Finished: Reading data from Hopsworks, using Hopsworks Feature Query Service (80.49s) 




In [6]:
ts_data.sort_values(by=['pickup_location_id', 'pickup_hour'], inplace=True)
ts_data

Unnamed: 0,pickup_hour,rides,pickup_location_id
632474,2023-01-01 00:00:00+00:00,0,1
1146060,2023-01-01 01:00:00+00:00,0,1
489380,2023-01-01 02:00:00+00:00,0,1
6362923,2023-01-01 03:00:00+00:00,0,1
6770651,2023-01-01 04:00:00+00:00,0,1
...,...,...,...
3666103,2026-01-05 19:00:00+00:00,1,265
2726651,2026-01-05 20:00:00+00:00,4,265
4091078,2026-01-05 21:00:00+00:00,1,265
3165740,2026-01-05 22:00:00+00:00,0,265


In [7]:
from src.data import transform_ts_data_into_features_and_target

features, targets = transform_ts_data_into_features_and_target(
    ts_data,
    input_seq_len=24*28, # one month
    step_size=23,
)

features_and_target = features.copy()
features_and_target['target_rides_next_hour'] = targets

print(f'{features_and_target.shape=}')

100%|██████████| 263/263 [04:43<00:00,  1.08s/it]


features_and_target.shape=(292340, 675)


In [11]:
from datetime import date, timedelta, timezone
import pandas as pd
from src.data_split import train_test_split

# Convert pickup_hour to datetime if it's a string
features_and_target['pickup_hour'] = pd.to_datetime(features_and_target['pickup_hour'])
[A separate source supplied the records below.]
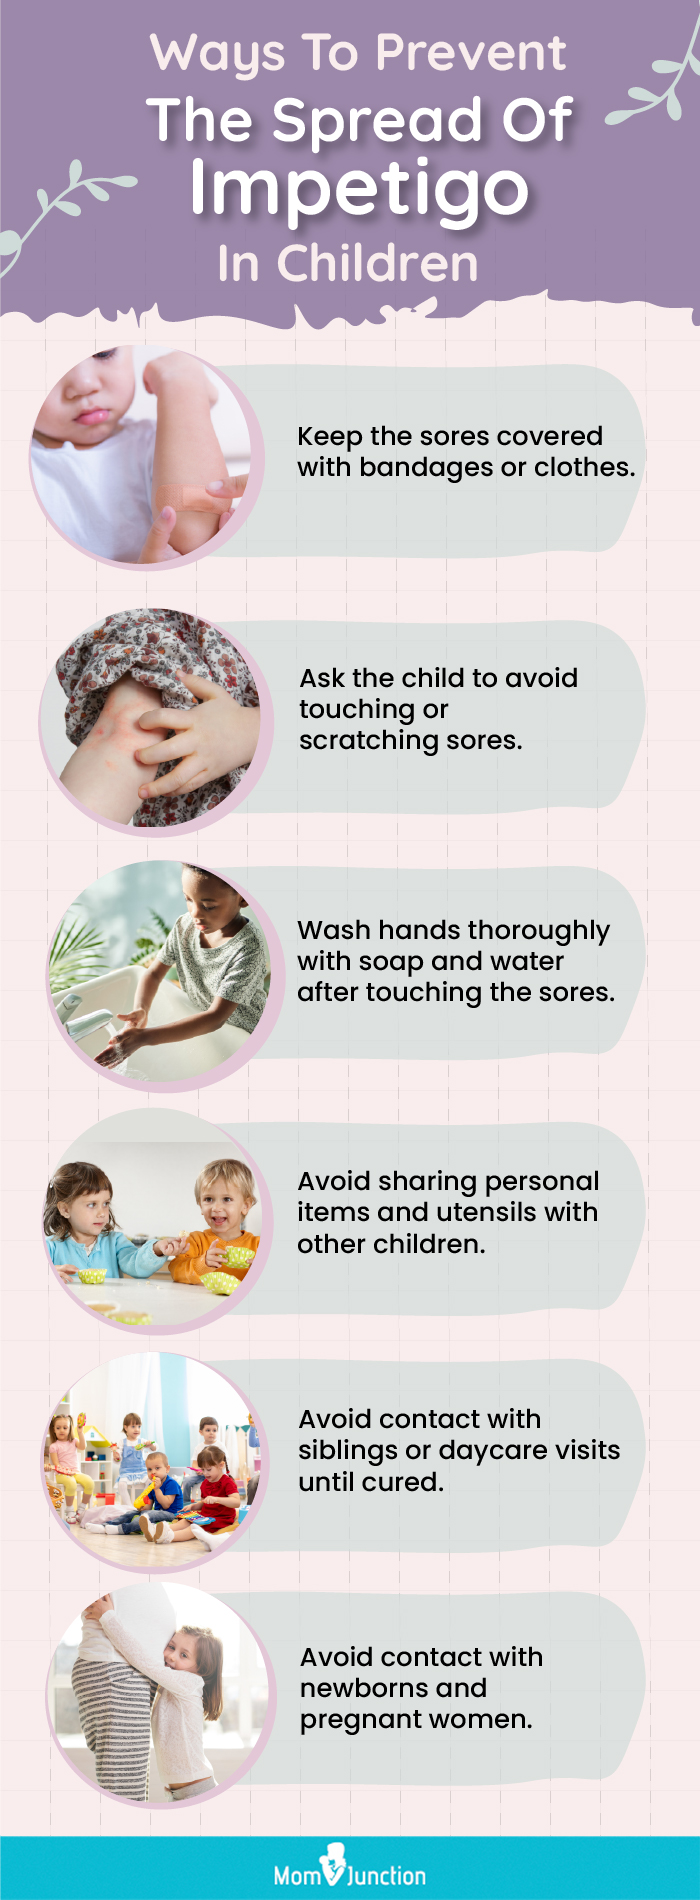 ways to prevent the spread of impetigo in children (infographic)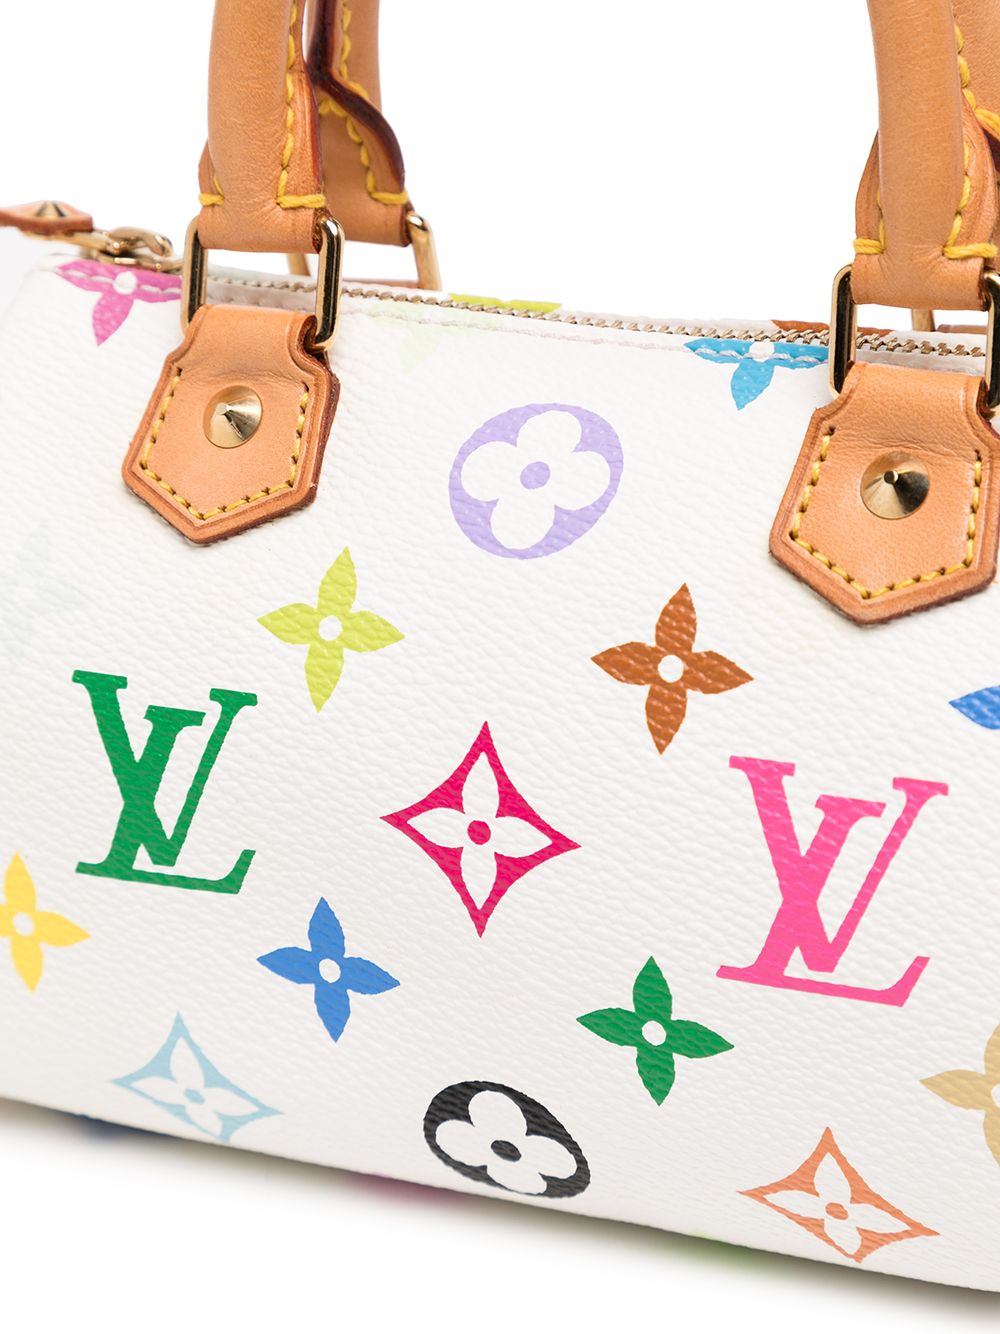 Louis Vuitton 2000s Monogram Speedy Handbag Mini: Vintage Elegance Meets  Modern Luxury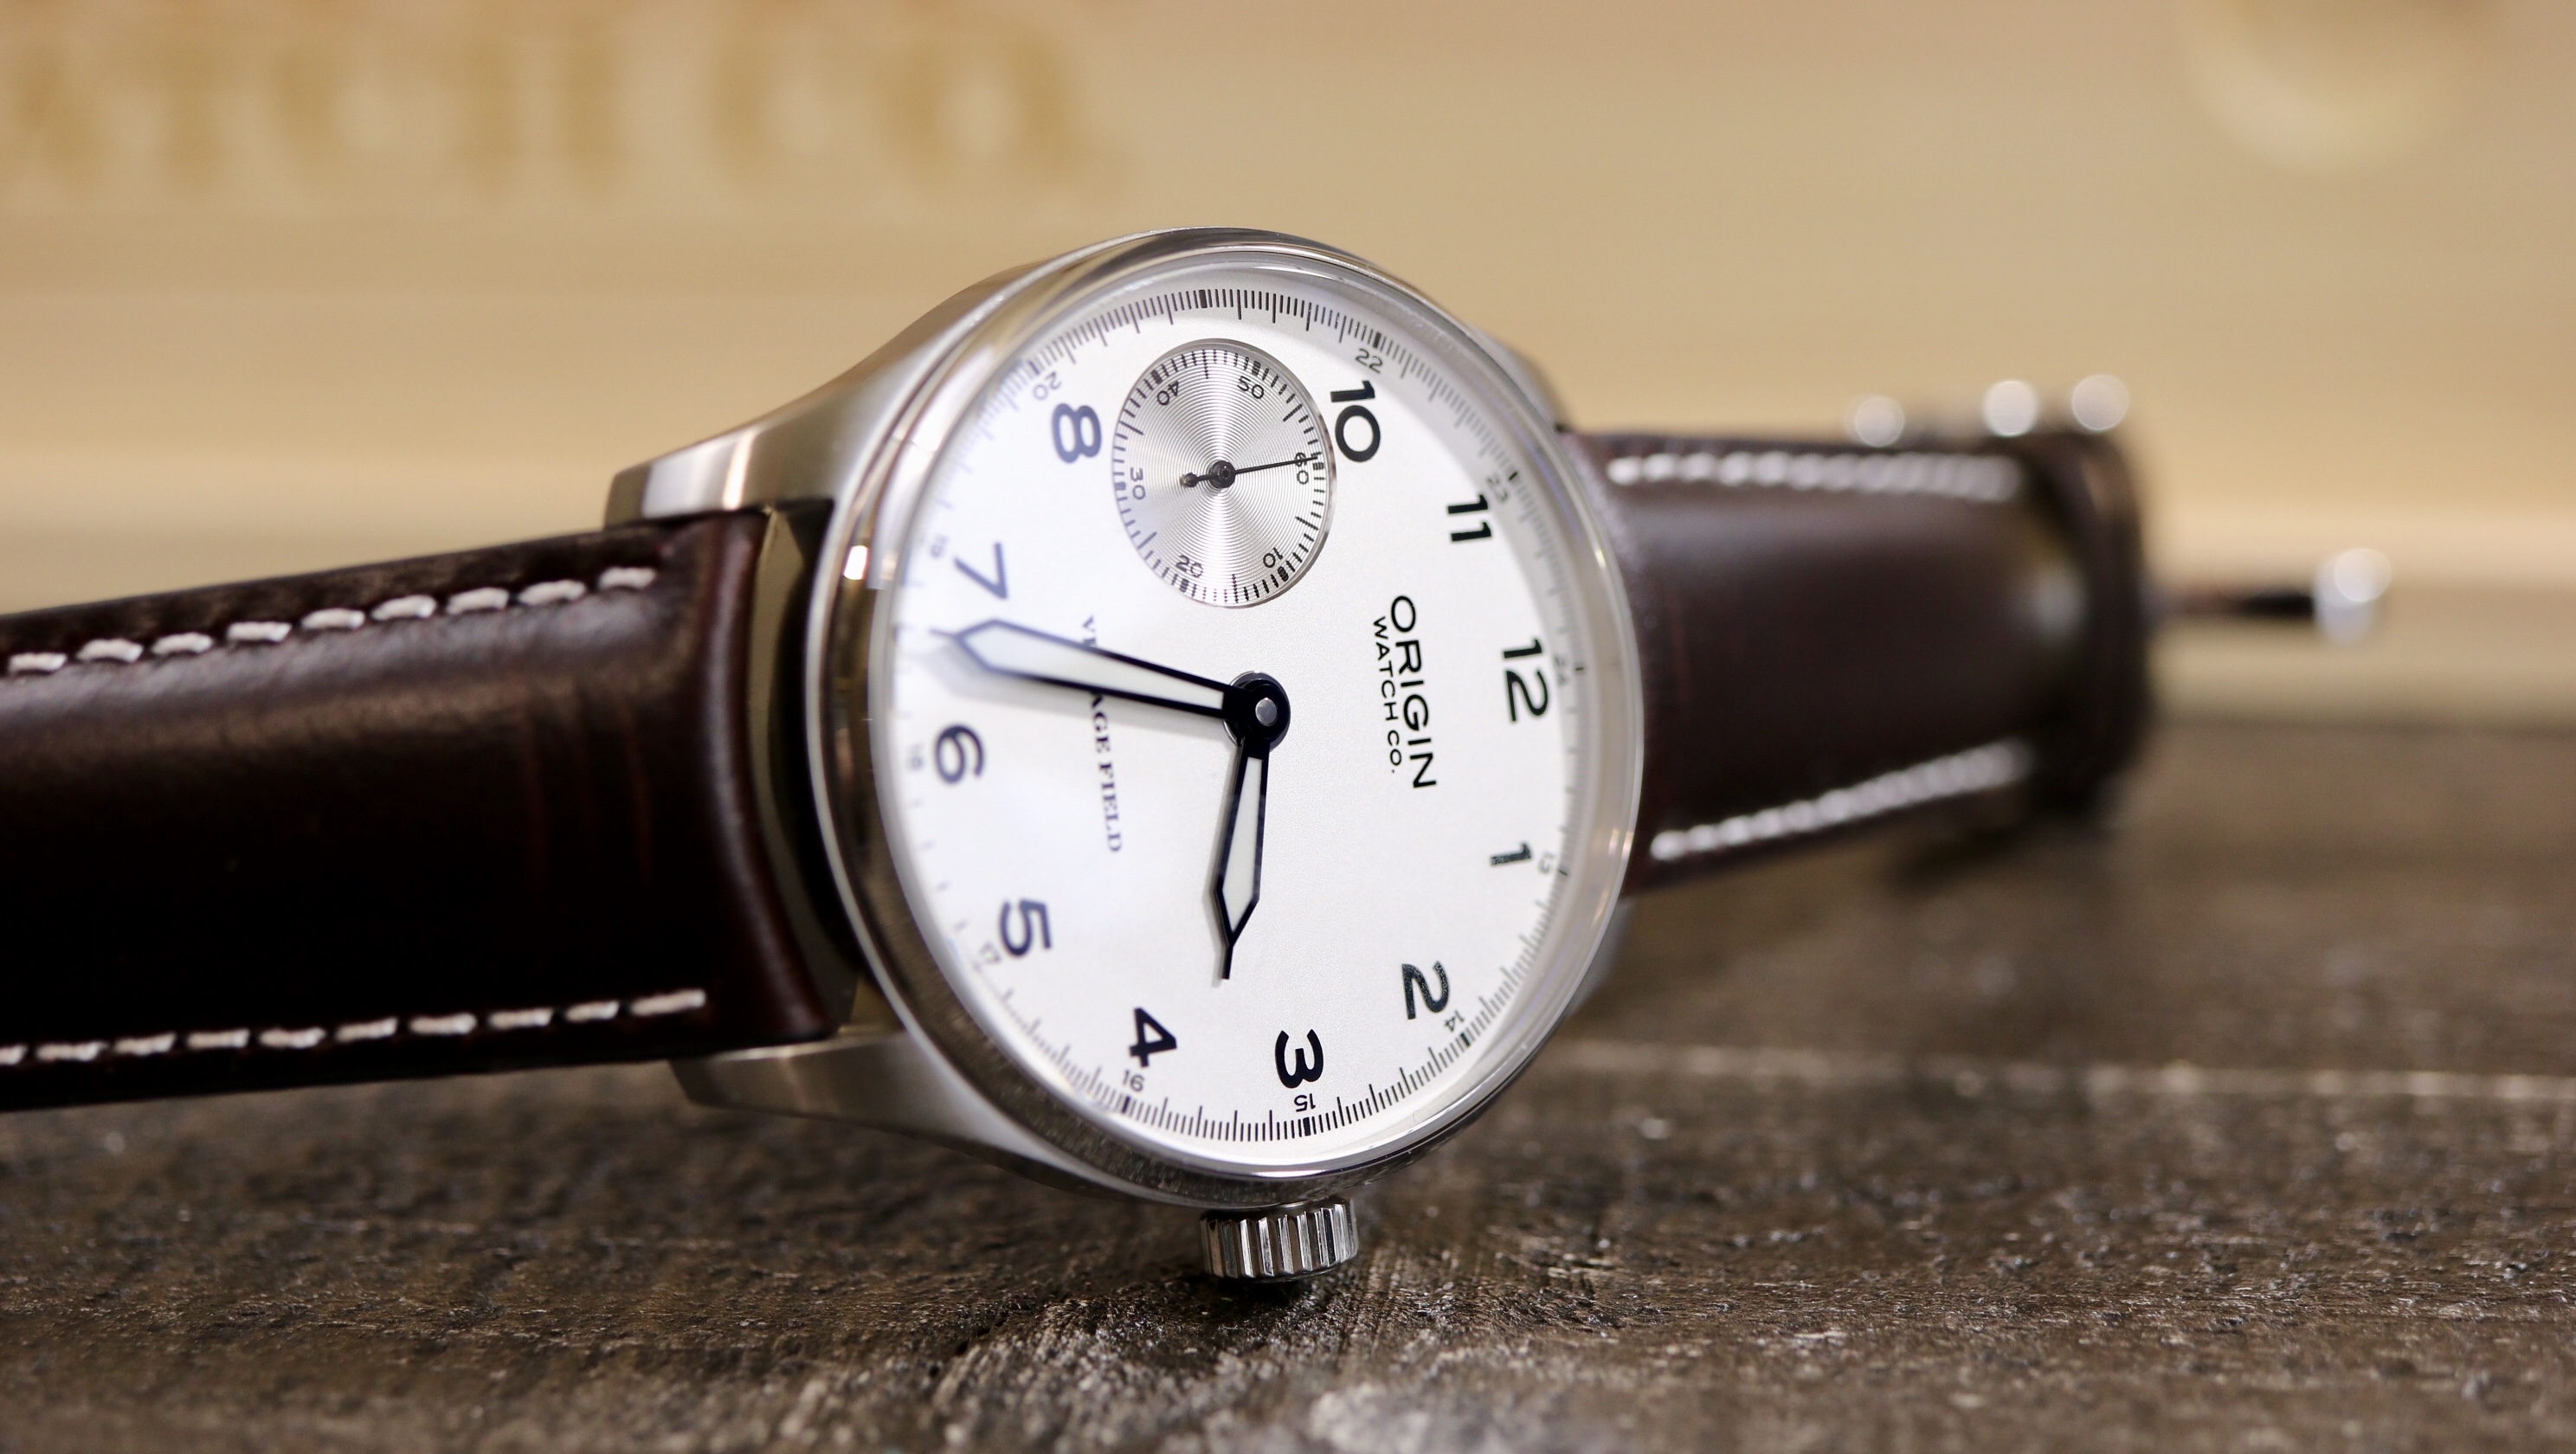 Watch in original. TPW Classic field watch. Origin watch. Watch co. Simple watch co..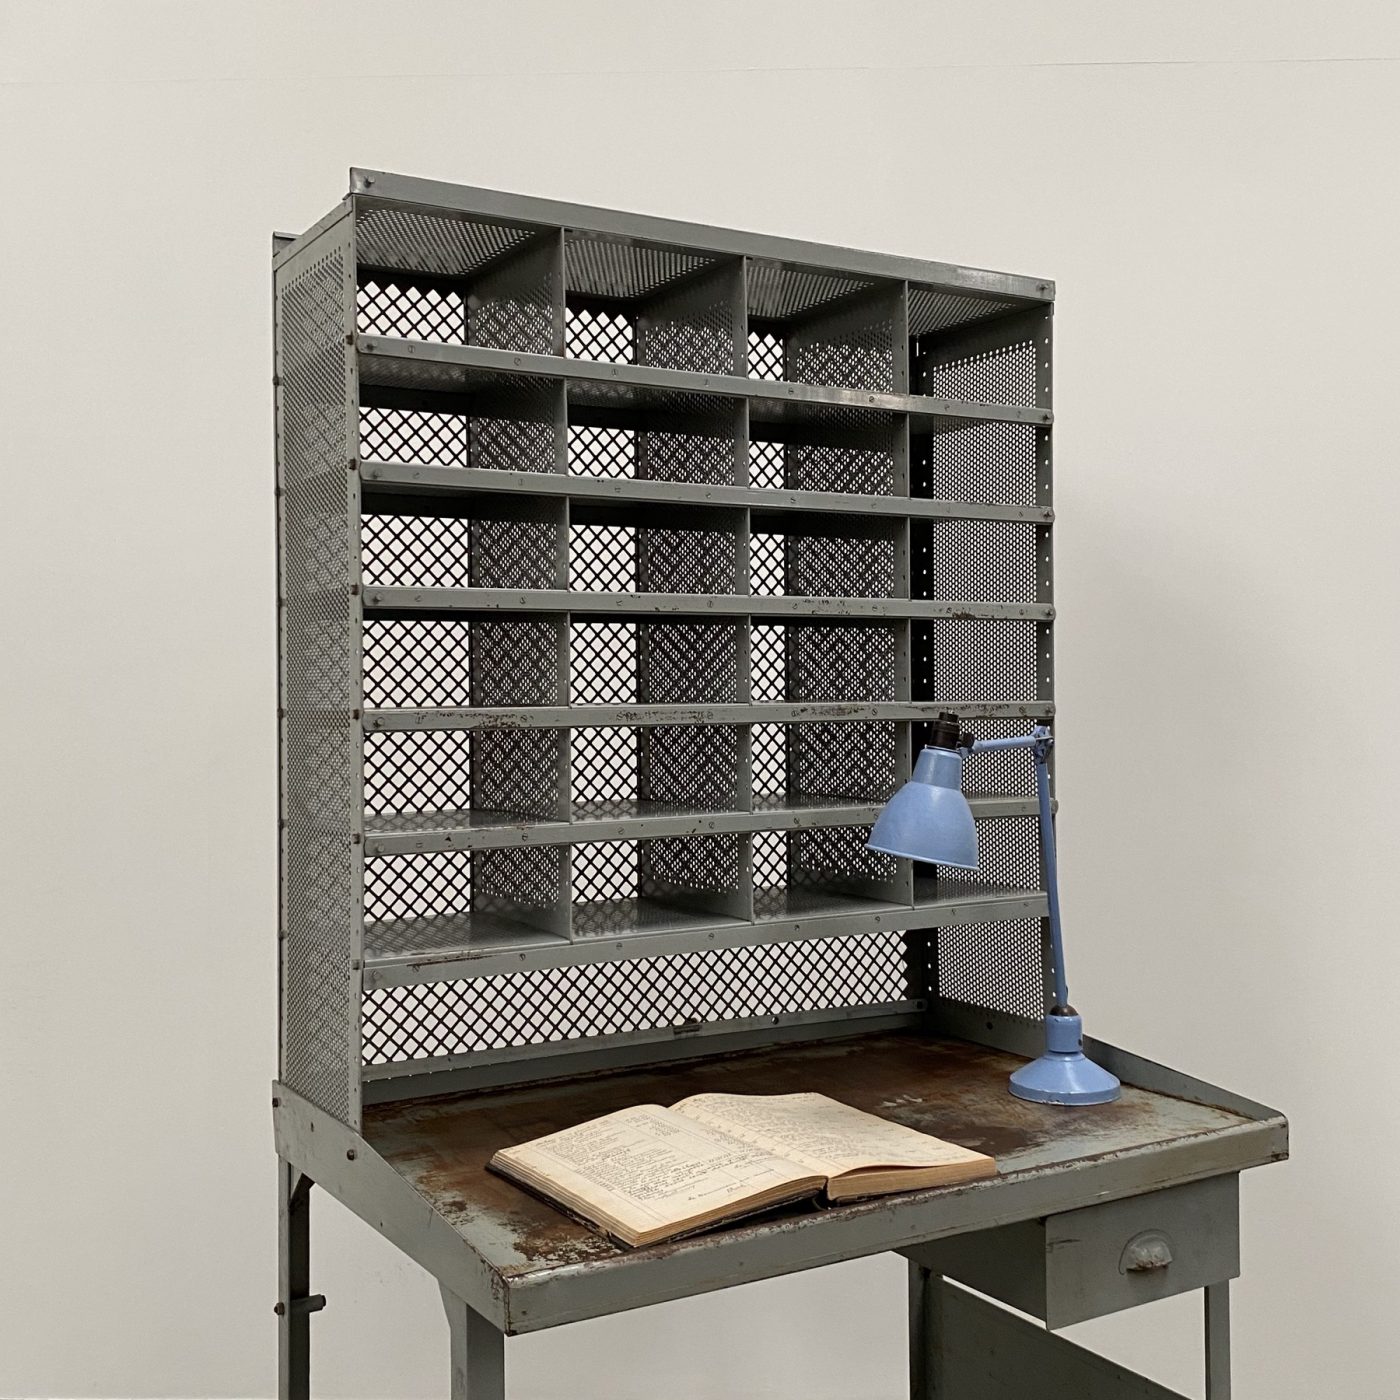 objet-vagabond-postal-desk0001

# training data - make cutoff_date timezone-aware (UTC) to match pickup_hour
cutoff_date = pd.to_datetime(date.today() - timedelta(days=28*2)).tz_localize('UTC')

print(f'{cutoff_date=}')

X_train, y_train, X_test, y_test = train_test_split(
    features_and_target,
    cutoff_date,
    target_column_name='target_rides_next_hour'
)

print(f'{X_train.shape=}')
print(f'{y_train.shape=}')
print(f'{X_test.shape=}')
print(f'{y_test.shape=}')

cutoff_date=Timestamp('2025-11-10 00:00:00+0000', tz='UTC')
X_train.shape=(279043, 674)
y_train.shape=(279043,)
X_test.shape=(13297, 674)
y_test.shape=(13297,)


In [12]:
import numpy as np
from sklearn.model_selection import KFold, TimeSeriesSplit
from sklearn.pipeline import make_pipeline
from sklearn.metrics import mean_absolute_error
import optuna

from src.model import get_pipeline

def objective(trial: optuna.trial.Trial) -> float:
    """
    Given a set of hyper-parameters, it trains a model and 
    computes an average validation error based on a TimeSeriesSplit
    """

    # pick hyper-parameters
    hyperparams = {
        "metric": "mae",
        "verbose": -1,
        "num_leaves": trial.suggest_int("num_leaves", 2, 256),
        "feature_fraction": trial.suggest_float("feature_fraction", 0.2, 1.0),
        "bagging_fraction": trial.suggest_float("bagging_fraction", 0.2, 1.0),
        "min_child_samples": trial.suggest_int("min_child_samples", 3, 100),
    }

    tss = TimeSeriesSplit(n_splits=2)
    scores = []

    for train_index, val_index in tss.split(X_train):

        # Split data for training and validation
        X_train_, X_val_ = X_train.iloc[train_index, :], X_train.iloc[val_index, :]
        y_train_, y_val_ = y_train.iloc[train_index], y_train.iloc[val_index]

        # train the model
        pipeline = get_pipeline(**hyperparams)
        pipeline.fit(X_train_, y_train_)

        # evaluate the model
        y_pred = pipeline.predict(X_val_)
        mae = mean_absolute_error(y_val_, y_pred)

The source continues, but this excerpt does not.